Despite inspiring more students and members of the community to join the campaign, King’s speech did not gather much outside attention.

Dr. Cashin decided to draw attention by staging a sit-in with his wife, Joan Cashin, their 4-month old daughter, Dr. Hereson’s pregnant wife, and Frances Sims. On 11 April 1962, police arrested Dr. Cashin and Joan Cashin, Dr. Hereson and Martha Hereson, a minister, and two students.

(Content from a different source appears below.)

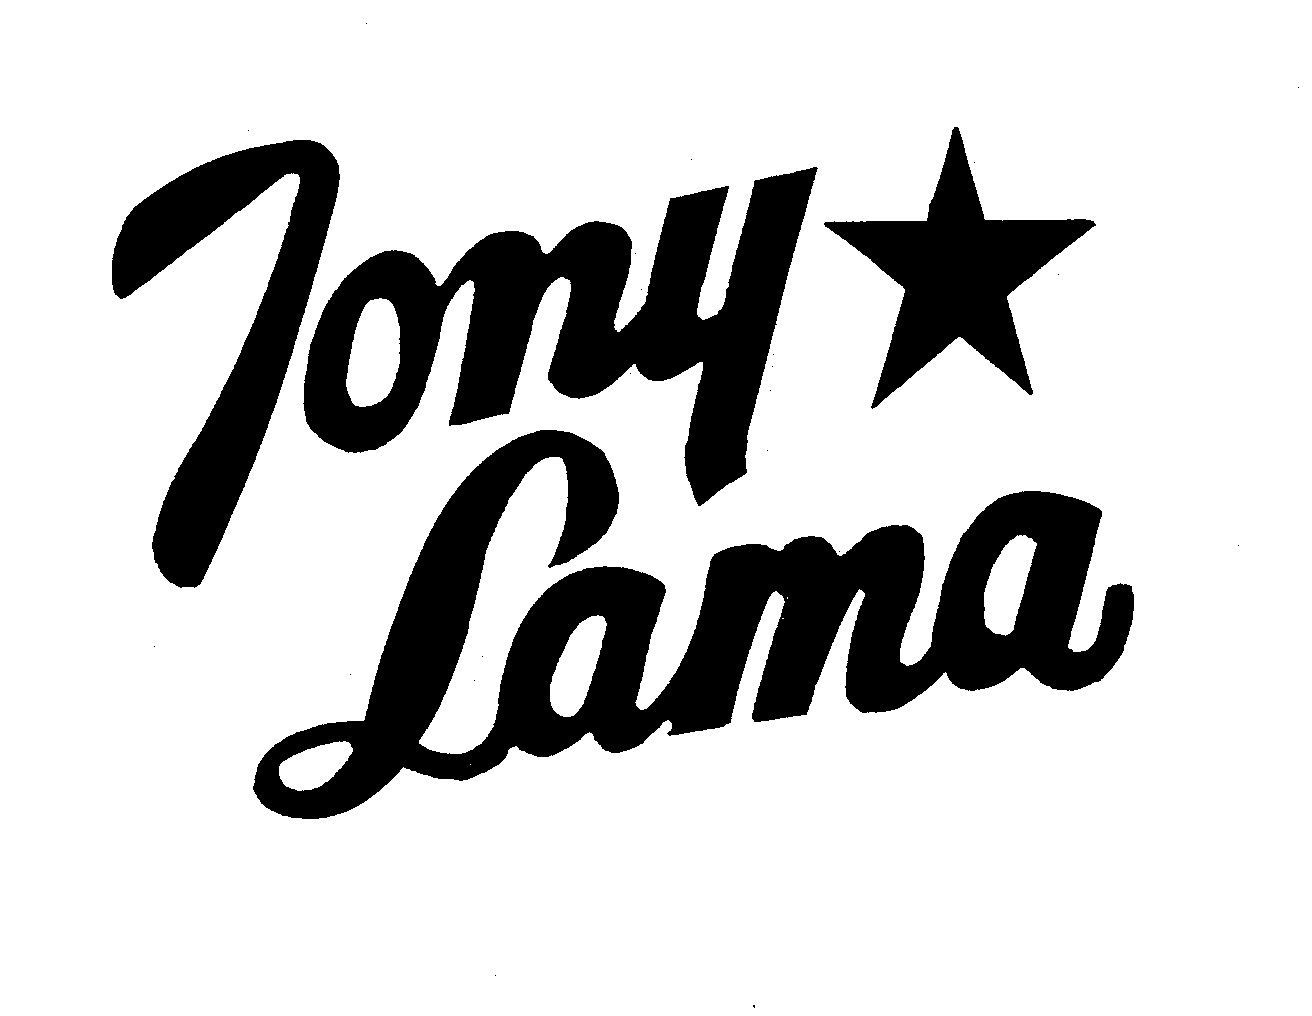 TONY LAMA

The men posted the $100 bail and left. Police offered to let two women go while keeping Frances Sims in jail, but Cashin and Hereson refused bail unless all three could leave. They spent 48 hours in jail and received coverage from newspapers and magazines out of town.

With national attention finally on the campaign, the CSC began planning an Easter Boycott. Instead of buying new suits and dresses, blacks would buy a new pair of jeans from out of town. Since Alabama law banned boycotts, demonstrators broadcasted the boycott by forming picket lines near stores and handing cards to black patrons.

The boycott had 90% compliance, and even white citizens bought less because those in labor unions refused to cross picket lines to shop. By Easter Sunday, 21 April 1962, downtown stores lost over one million dollars of profit.

For the next two months, the sit-ins and picketing continued. On 19 May 1962, just after a visit from Governor George Wallace, students and the CSC met in front of the courthouse to release balloons with slogans and messages on equality.

A few weeks later, Mayor Searcy formed a biracial committee to negotiate with store managers. On 9 July 1962, the city council began a three-day trial period of desegregation. All eight lunch counters and other public areas opened up to all races. On 11 May 1962, Huntsville became the first racially integrated city in Alabama.

Sources

Cashin, Sheryll. The Agitator's Daughter: A Memoir of Four Generations of One Extraordinary African-American Family. 1st ed. New York: PublicAffairs, 2008. 132-148. Print.

Fisher, Holly. "OAKWOOD COLLEGE STUDENTS' QUEST FOR SOCIAL JUSTICE BEFORE AND DURING THE CIVIL RIGHTS ERA." The Journal of African American History 88.2 (2003): 110-25. ProQuest. Web. 14 Apr. 2014.

Hereford, Sonnie. Beside the Troubled Waters : A Black Doctor Remembers Life, Medicine, and Civil Rights in an Alabama Town. 2nd edition. Tuscaloosa: University of Alabama Press, 2011. 86-110. eBook.